The attention mechanism is the model doing the same thing, just with words. When it reads “Burgundy because it paired beautifully with the fish,” the model notices that “it” has a strong relationship to “Burgundy” — not because of a rule someone programmed in, but because, across billions of sentences, that’s how language actually behaves. Pronouns follow their antecedents. The map knows the pattern.
Why This Was the Actual Breakthrough
Before transformers, language models were sequential. They read text like a person scanning a page from left to right, word by word, holding a kind of running summary in memory. The problem is that by the time a computer generated model reached the end of a long, complex sentence, the beginning had effectively faded. Long-range relationships, such as a pronoun referring back to a noun from two clauses ago or a question being answered twenty words later, were genuinely hard for these systems to handle.
In 2017, a team of researchers at Google published a paper that changed that. Its title was almost comically direct: “Attention Is All You Need.”
The core insight was that attention (the ability to weigh the relevance of every word against every other word, simultaneously) was not just one useful technique among many. It was THE thing. You didn’t need to process text in sequence. You didn’t need to summarize and carry forward. You just needed to let every part of the input speak to every other part, all at once, and let the weights sort out what mattered.
That architecture became the backbone of every major AI language model that followed. GPT. BERT. Claude. All of them use transformers.
The Full Picture
Here’s what the three parts of this series add up to about LLMs:
Tokens gave the model a way to break language into manageable pieces.
Vectorization gave those pieces coordinates, like a location on a map of meaning, where similar concepts cluster together and dissimilar ones drift apart.
Neural networks gave the model a way to learn through billions of small corrections, across billions of examples, until the patterns became something resembling intuition or reason.
And transformers gave the model something none of the prior pieces could: the ability to hold context.
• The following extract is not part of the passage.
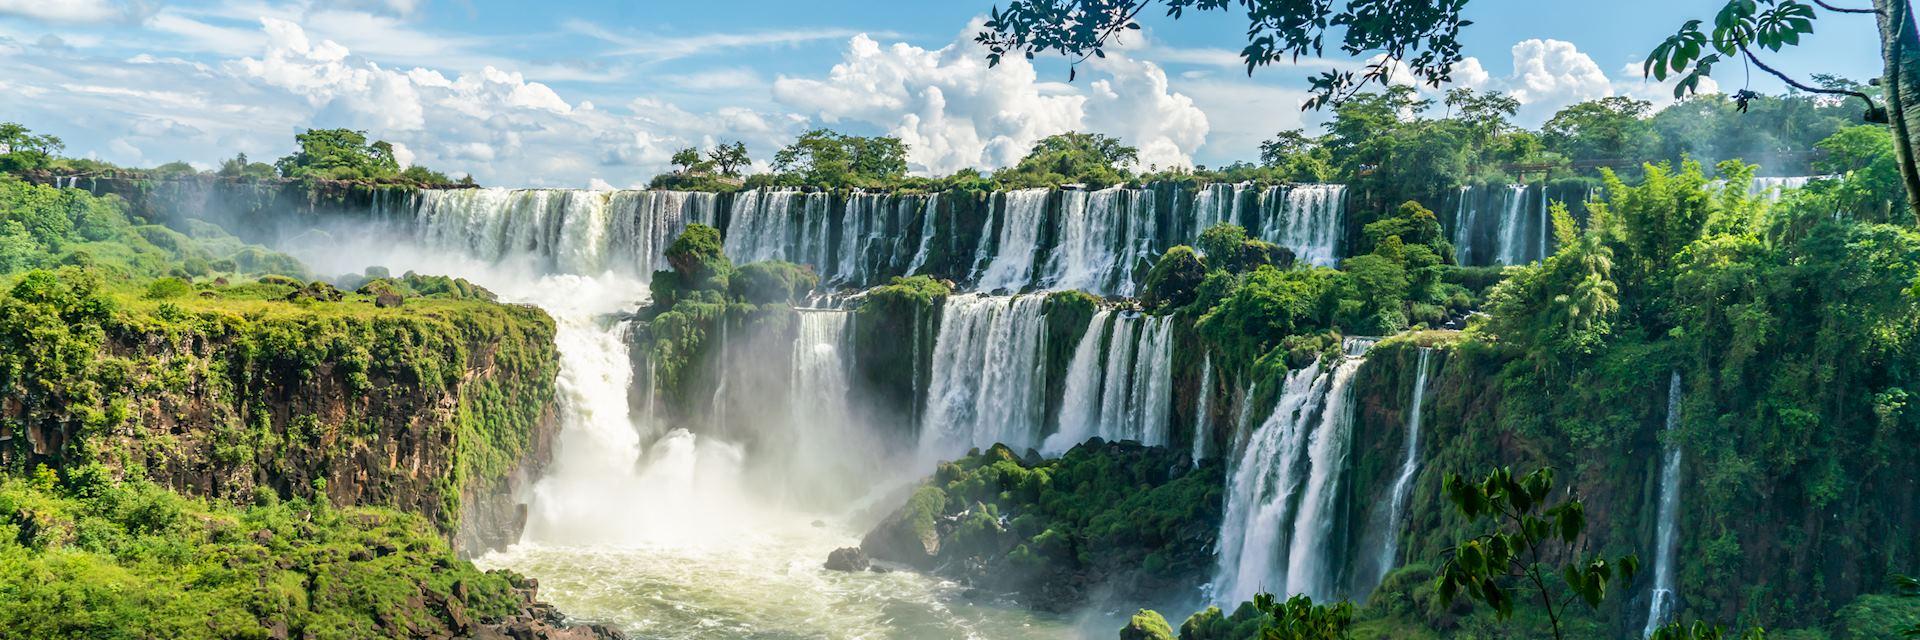 Iguazú Falls, Argentinian National Park

This allowed a LLM to read a sentence, a paragraph, or a conversation the way Nate read that table. Not one thing at a time. All of it, together.
The result isn’t magic. That’s the thing worth sitting with. There’s no mystery ingredient, no moment where the machine becomes conscious. It’s pattern recognition. Ok, it’s extraordinarily sophisticated pattern recognition operating at a scale that genuinely strains comprehension, but pattern recognition nonetheless.
What is remarkable is what pattern recognition looks like at that scale. It looks like a system that can hold a nuanced multi-paragraph conversation and still remember what you said in your first message. It looks like a tool that can draft, explain, translate, and reason, not because it was programmed with answers, but because it was exposed to enough of the world’s written thought to navigate language the way a seasoned sommelier navigates a wine list.
Nate didn’t become a great sommelier because he memorized 500 flashcards. He became one because ten thousand hours of pattern recognition eventually became something that felt like taste.
The model got there too. It just did it faster, and it never got to drink the wine like Nate.